Just in case anyone is still interested, here are the excerpts from the article I mentioned earlier...
"Abstract
Jedi (Java based Extraction and Dissemination of Information)
is a lightweight tool for the creation of wrappers and
mediators to extract, combine, and reconcile information
from several independent information sources. For wrappers
it uses attributed grammars, which are evaluated with
a fault-tolerant parsing strategy to cope with ambiguous
grammars and irregular sources. For mediation it uses a
simple generic object-model that can be extended with
Java-libraries for specific models such as HTML, XML or
the relational model. This paper describes the architecture
of Jedi, and then focuses on Jedi’s wrapper generator."
"5. Example
In the following we illustrate Jedi’s parsing strategy
along a realistic example taken from a demo located at
“http://www.darmstadt.gmd.de/oasys/projects/jedi/index.html”.
The online demo shows Jedi’s facilities to extract, model
and integrate PSION palmtop computer related product data
from multiple Web sources, and to query and visualize the
extracted data.
Figure 4 presents a screenshot of one source4 which is
highly irregular, mixing images, natural language text,
forms and the relevant product data arbitrarily.

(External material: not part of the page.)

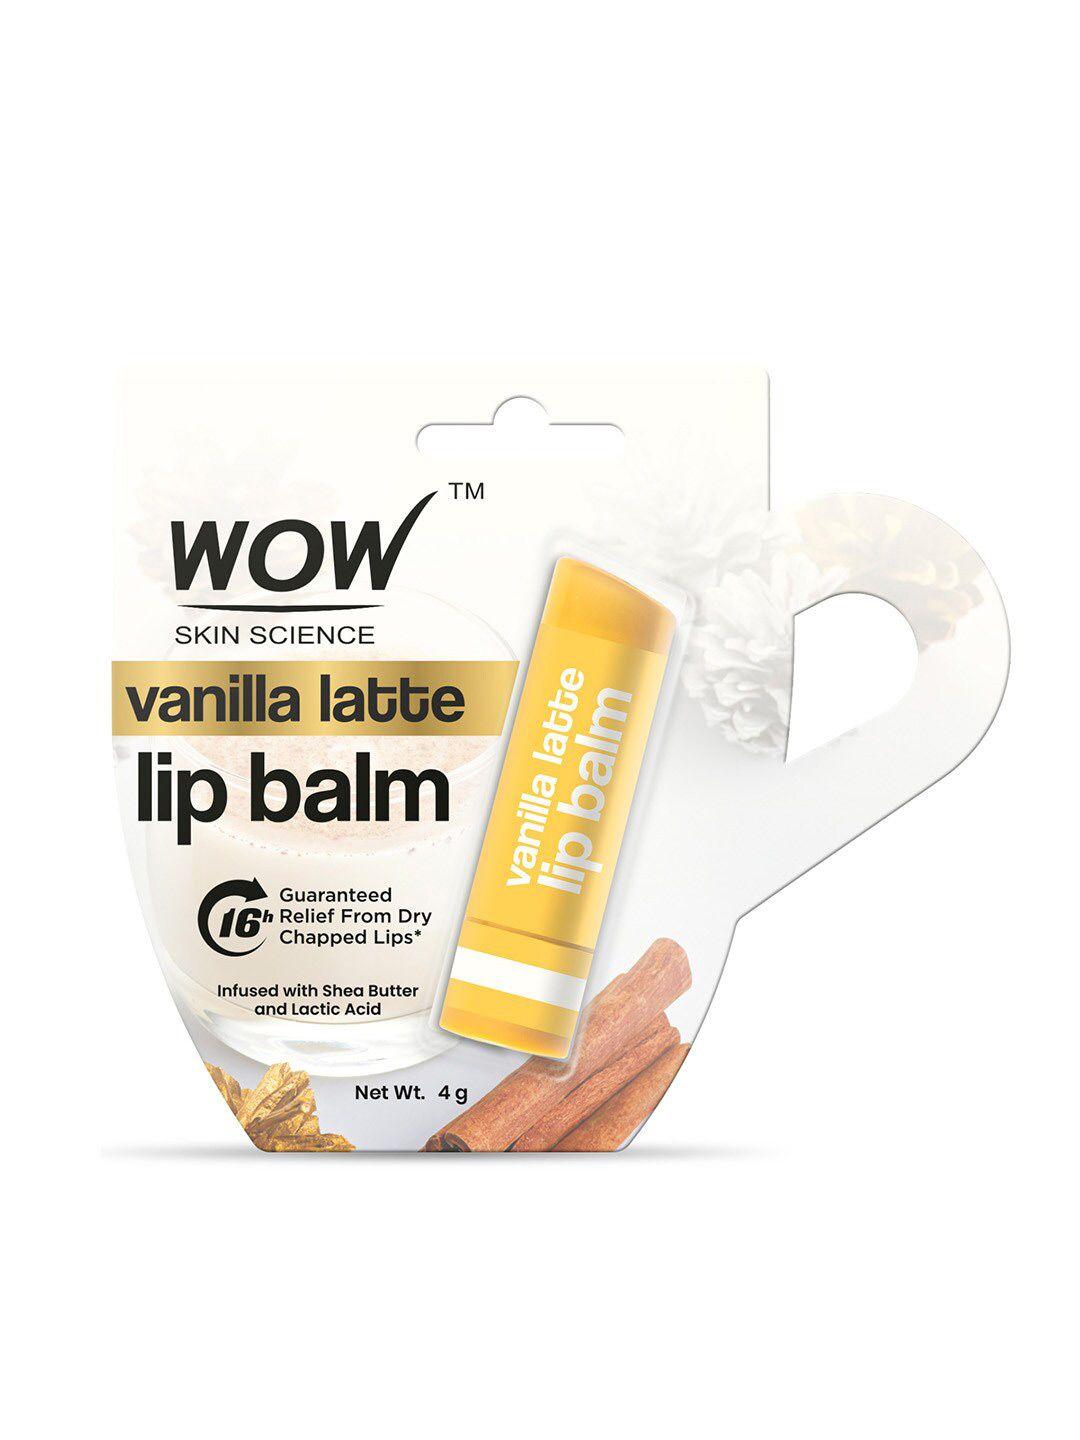 wow skin science vanilla latte lip balm with shea butter & lactic acid 4 g - white

The code fragment depicted below the figure is the complete
Jedi specification needed to define a grammar to extract
article codes, article descriptions and their price from
this source. Other than in the online demo, the extracted
data is not mapped onto an object model, but directly rewritten
as tagged XML source.
The first rule ’Article’ specifies the source structure of
one article ’record’ and assigns appropriate data portions to
the variables ’code’, ’description’ and ’price’. These are reused
in the code block to write tagged XML code to stdout.
The first two assignment productions can safely contain
a trailing “.*” which is automatically left whenever the
more specific productions ’</B>’ or ’<B>’ match.
The third assignment production either requires a specific
pattern which identifies exactly the price or it requires a
more specific end tag to indicate where the price ends, e.g.:
’<B>’price = (’$’ .*) ’</B>’
The second rule ’ArticleList’ describes that the source
structure comprises a sequence of ’Article’ records as described
by the first rule.
As can be seen from the screenshot, this rule does not describe
exactly the source as it contains a lot of additional, irrelevant
information that must be filtered out.
4. located at
http://www.mplanet.com/cgi/Web_store/web_store.cgi?page=psion.html&cart_id=2726135.4533
Figure 4: Snapshot of Source
rule Article is
’<B>’ code = (’MP’ .*)
’</B>’ description = .*
’<B>’ price = (’$’[0-9.]+)
do
println(
“<Article>”,
“<Code>”, code, “</Code>”,
“<Price>”, price, “</Price>”,
“<Description>”, description,
“</Description></Article>”
);
end
end
rule ArticleList is
do
println(“<ArticleList>”);
end
(list += Article())+
do
println(“</ArticleList>”);
end
end
Strict parsing approaches will fail when given such a
grammar. Jedi however is able to proceed meaningfully. Its
fault tolerant interpretation of the ’Article’ rule allows to
skip irrelevant portions of the source by the fallback production
associated to the rule.
Finally, the embedded code blocks are evaluated according
to the grammar interpretation described by the most specific
solution path. Code execution will start with the first
’println’ statement of rule ’ArticleList’, it proceeds with the
assignments and code defined in rule ’Article’ as often as
this rule has matched and ends with executing the second
’println’ statement in rule ’ArticleList’. The portions accepted
by fallbacks do not have any side-effects and thus do
not cause any output to be written."
"The strategy has been implemented as part of the Jedi
tool. It offers the extraction language needed to specify context
free grammars for irregularly structured sources which
can be extended by semantic predicates to disambiguate
rules further. Grammar attribution is used to extract relevant
source portions. A fully fledged scripting language and
built-in data modeling means can be used to create flexible
wrappers which rewrite sources directly or instantiate rich
conceptual models for further querying and processing."
Like I said, I don't understand everything in this article by any means, but I think I get the gist of it. It appears the described technology can essentially interpret the displayed web page and pull the relevant bits of information out of it without directly reading the database values or relying on tags of any sort. The authors do indicate it isn't perfect but the indication is that it works in aggregate to a reasonably high level of confidence. Part of the last line in the paragraph above worries me though, "can be used to create flexible wrappers which rewrite sources directly". This sounds a bit like a bad thing in the wrong hands...but also like it could accomplish the automatic price dropping we've been discussing, I think...